#### Problem statement:
Given the records below, the lines starting at the line with "ČETVRT STOLJEĆA KASNIJE" and ending at the line with "Mattina di sole" should be output exactly, both end lines kept and pictures left out.

#### Dataset extract:

_ _ _

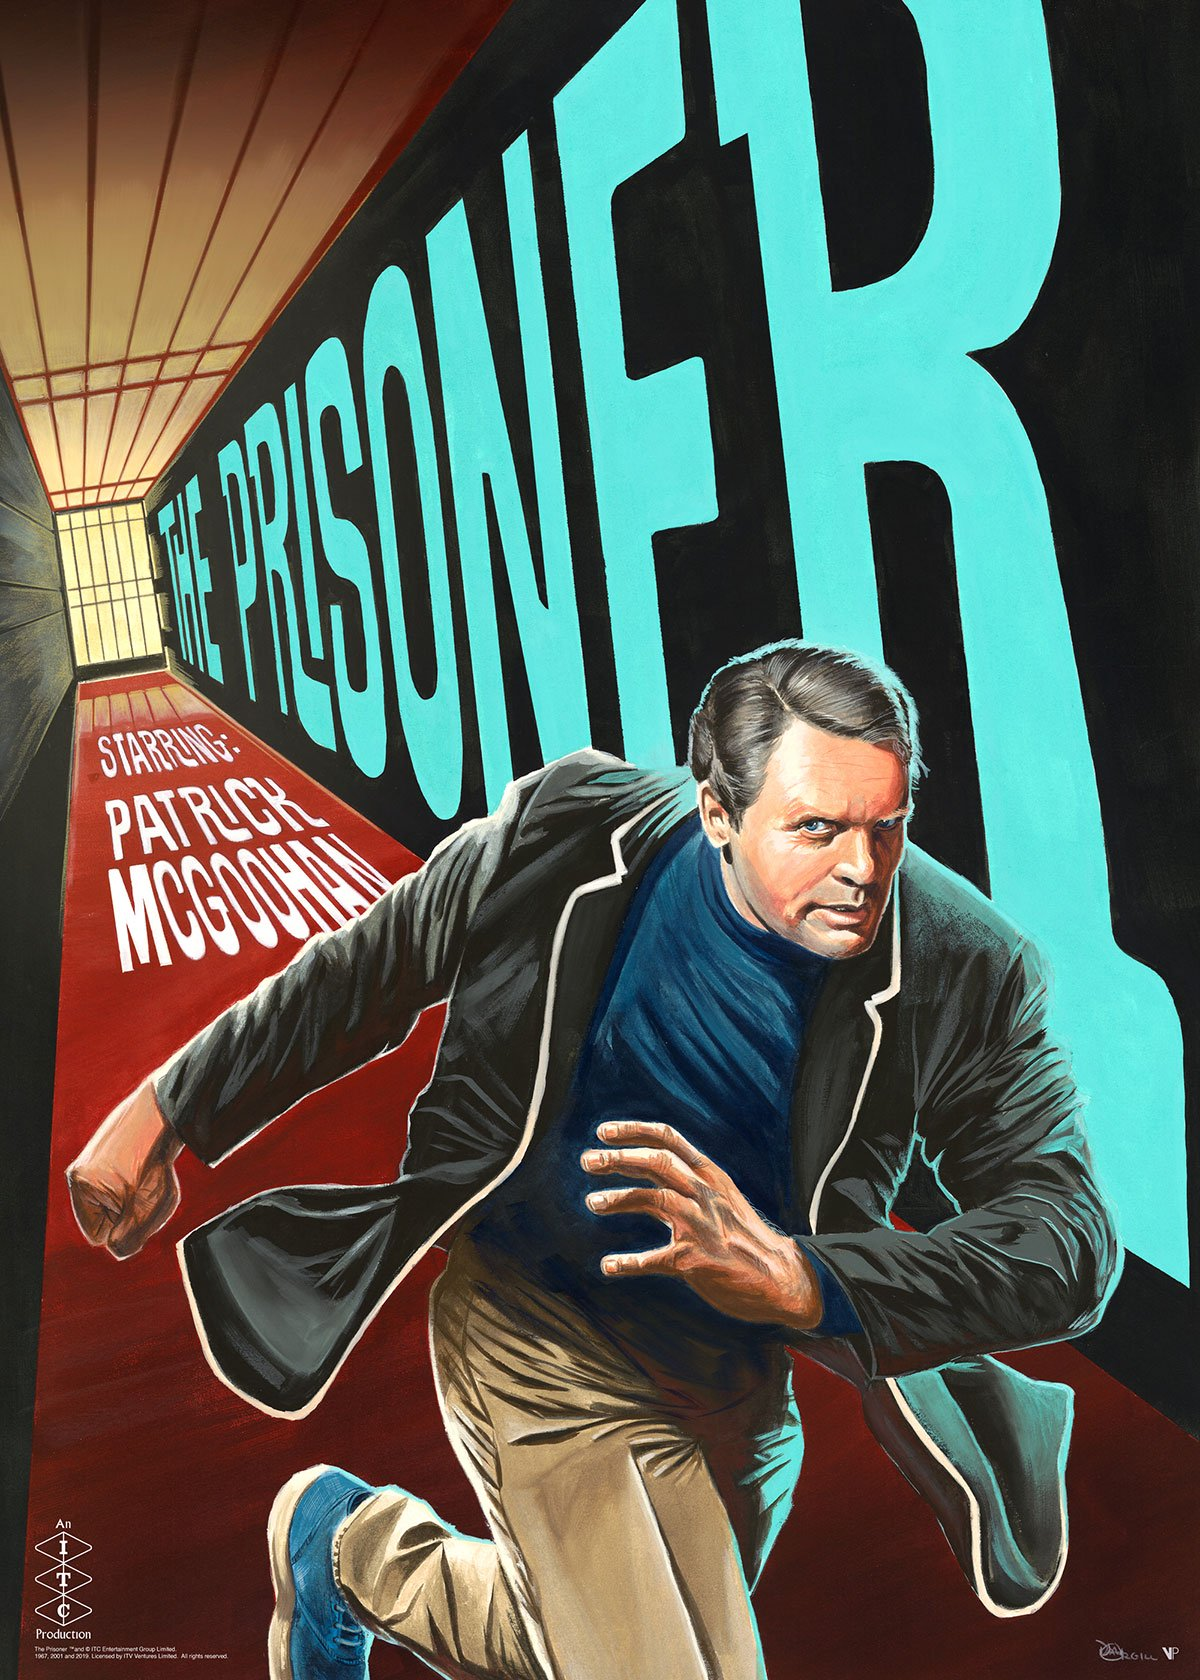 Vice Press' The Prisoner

_ _ _

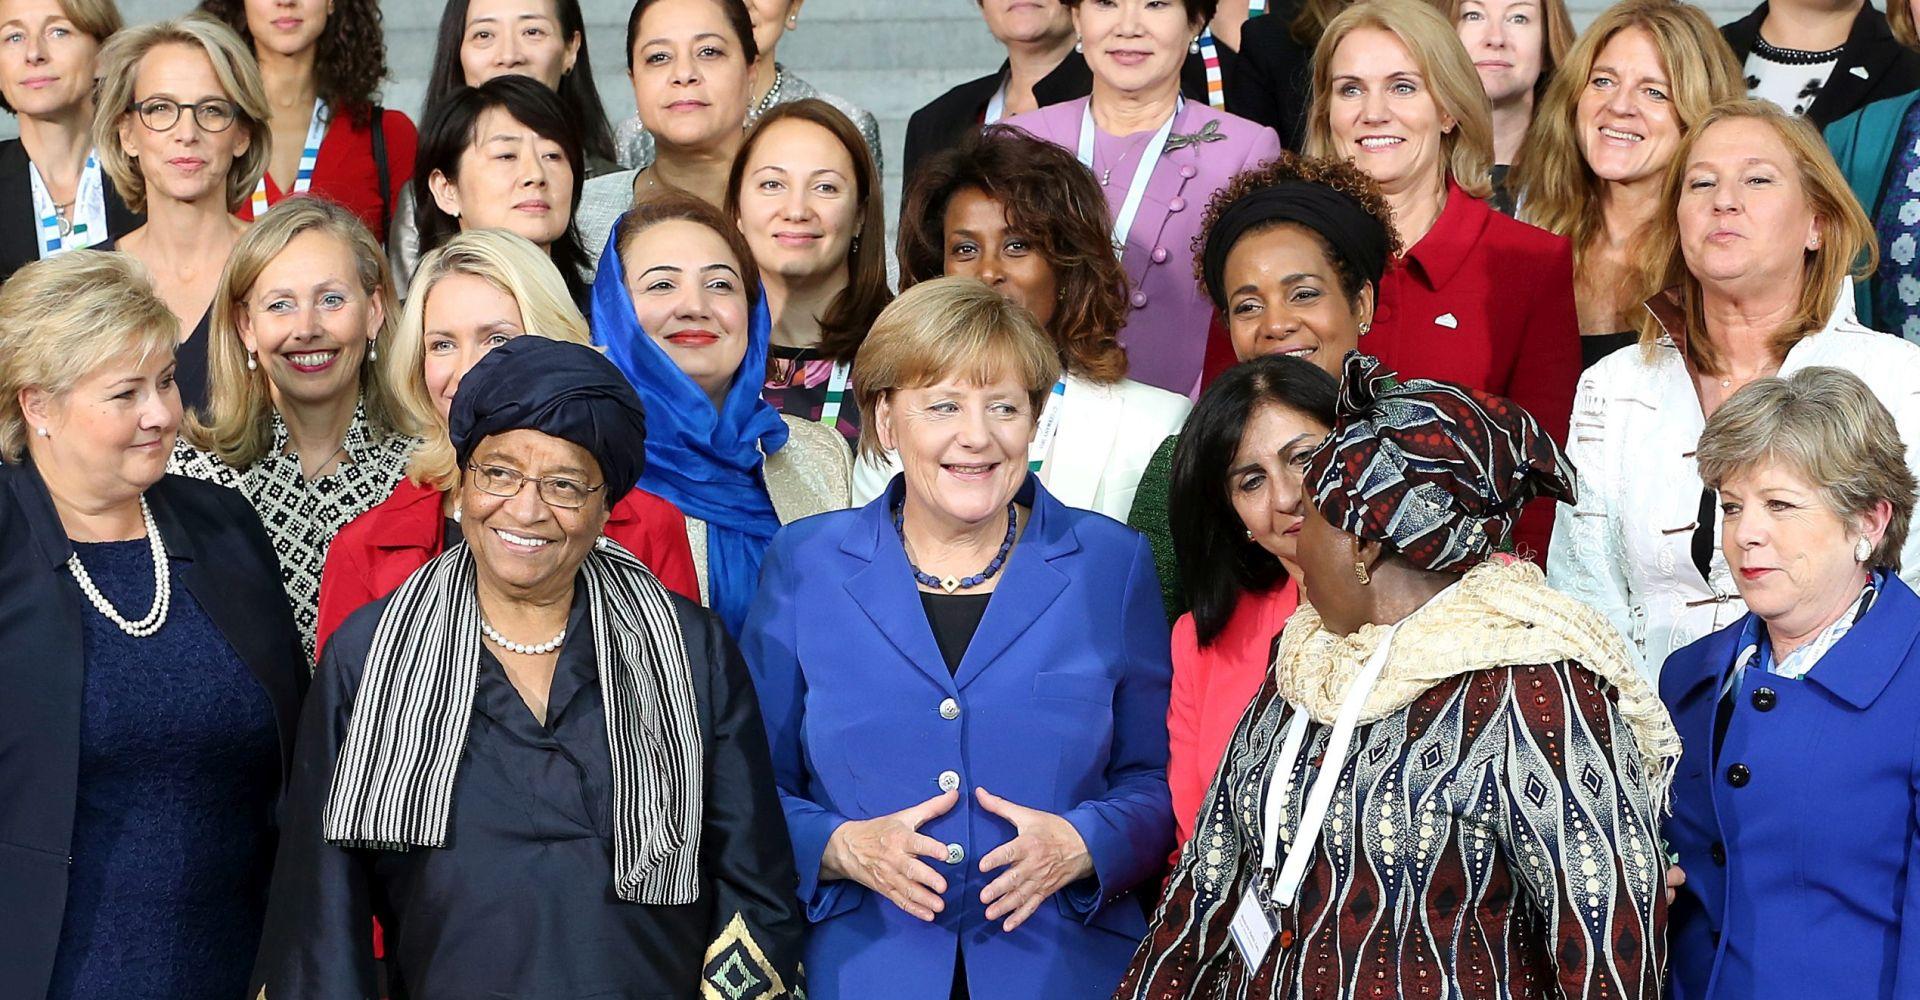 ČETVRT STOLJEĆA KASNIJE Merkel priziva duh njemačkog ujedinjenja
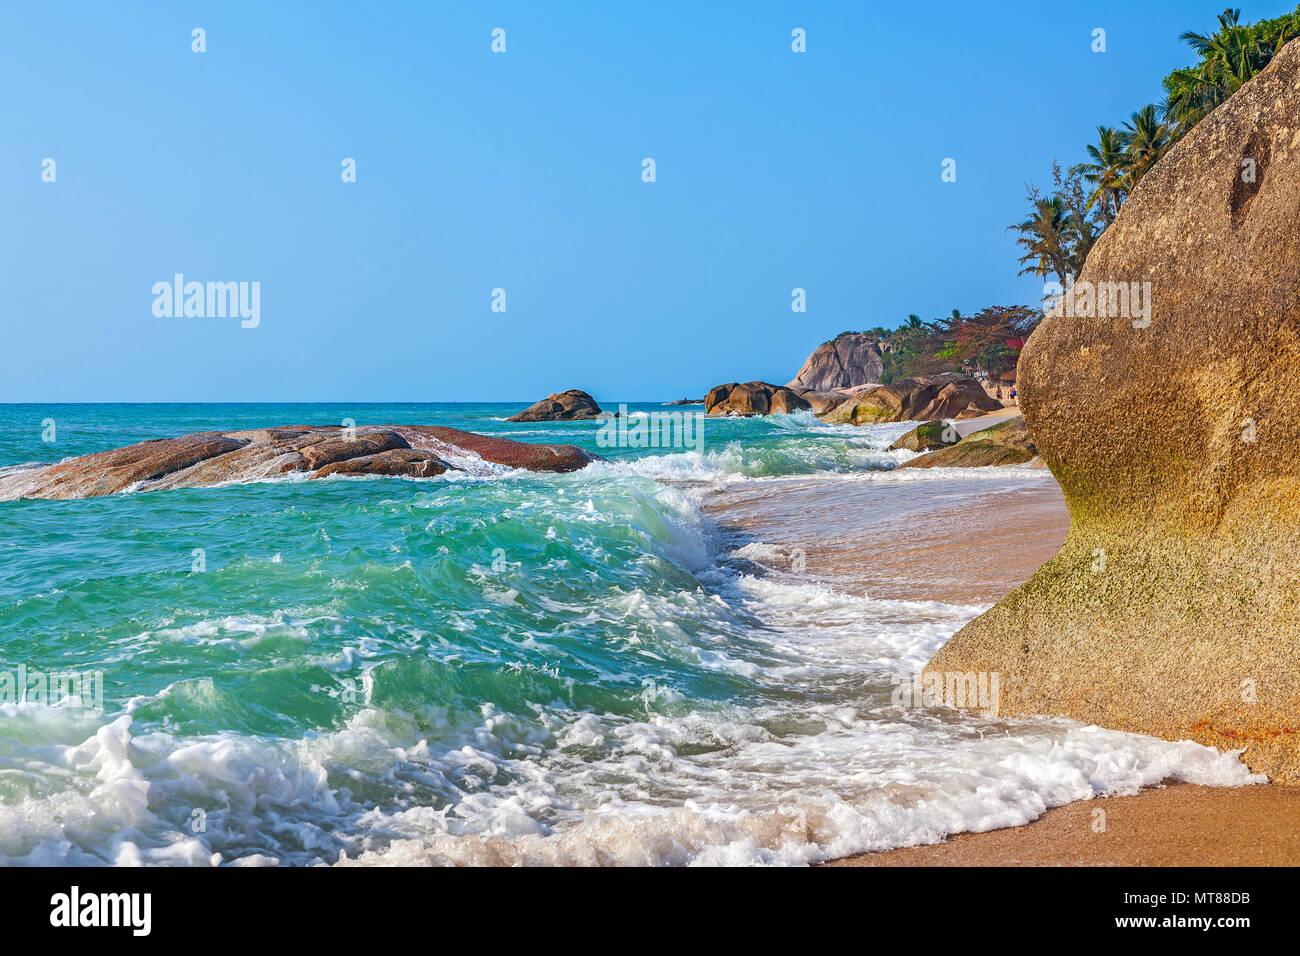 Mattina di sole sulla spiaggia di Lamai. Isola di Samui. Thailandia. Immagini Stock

_ _ _

#### Task solution:
 ČETVRT STOLJEĆA KASNIJE Merkel priziva duh njemačkog ujedinjenja
 Mattina di sole sulla spiaggia di Lamai. Isola di Samui. Thailandia. Immagini Stock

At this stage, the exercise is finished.